Over the last months there are more and more infiltrations by smaller groups of armed militia members coming from West Timor. There are rumours that the CNRT has been infiltrated by militias and in Ainaro, not far from the border, again already hundreds of people are fled. Under a traumatised population that has no good provision of news, it is not hard to cause panic.

All together significant signals.

 

Government of national unity

One of the only means to turn the tide is a fast reconstruction. Unfortunately, at this moment reconstruction is going slow. The UNTAET-machinery is very bureaucratic, the unempolyment-level under East Timorese is immense, and in more distant areas only little has changed in the last year.

One can wonder if it is welcome to have elections quickly. There is a big chance that by having elections and the introduction of a parliamentarian democracy too quick, political relations will sharpen - at this time not really beneficial.

A parlemantarian democracy can only function with a wide political midfield and the richly presence of pressure groups and corporate life. At this moment those are almost completely absent. Beside that, East Timor has no tradition in parliamentarian democracy. Therefor the question is if it would not be better to have a kind of government of national unity, formed by CNRT, church, East Timorese NGO's and representatives of students, youth and women, and to wait with the construction of political parties until society has normalised.
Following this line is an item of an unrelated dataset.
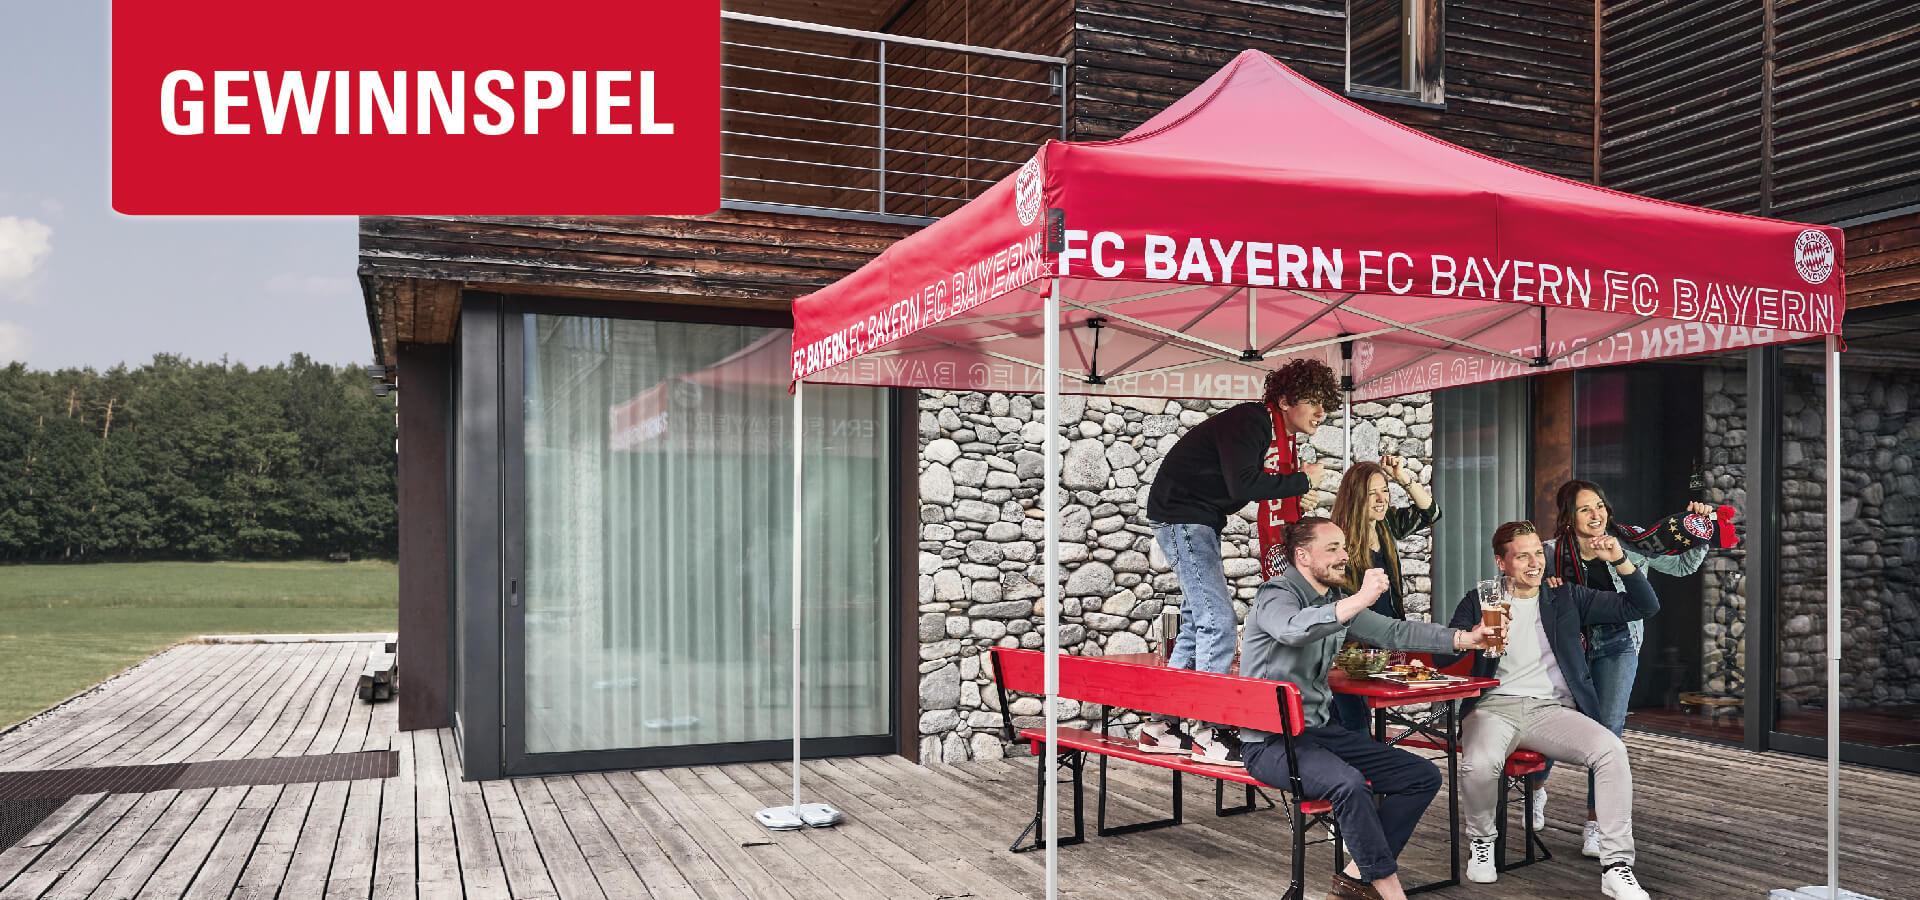 Fünf Personen feuern ihre Lieblings-Fußballmannschaft an - auf einer Bierzeltgarnitur und unter einem Faltpavillon im FC Bayern München Stil. Das Bild ist mit einem Gewinnspiel-Banner versehen.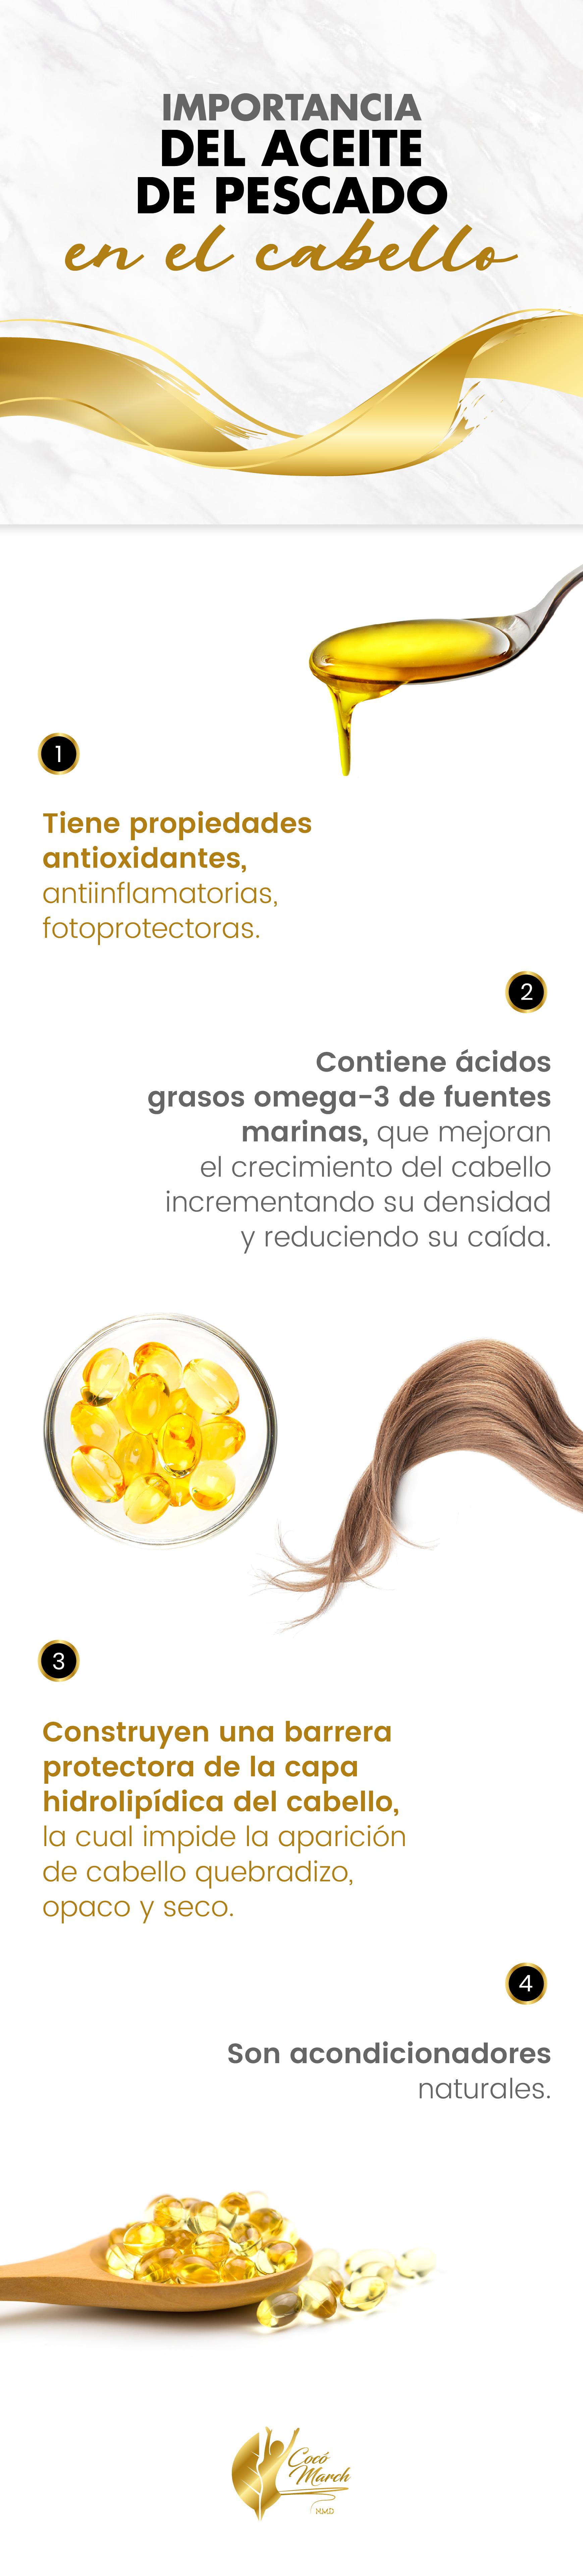 importancia-del-aceite-de-pescado-para-el-cabello

As I wrote in the beginning, this is a gloomy story. One can set hope on the energy and will-power that a lot of East Timorese show in recontructing their country. Next to that, the international community has stuck it's neck out too far to withdraw again. However, we only have to think of Srebrenica to see that this is no guarantee. Much international pressure on Indonesia can help if there is a will to and if Indonesia still is united. But it seems that various powers in Indonesia - among them Soeharto and his clan - supported by parts of the army can do their way and are profiting from destabilisation in the regio.

I hope I am wrong, but we certainly cannot close our eyes for the dangers that are existing.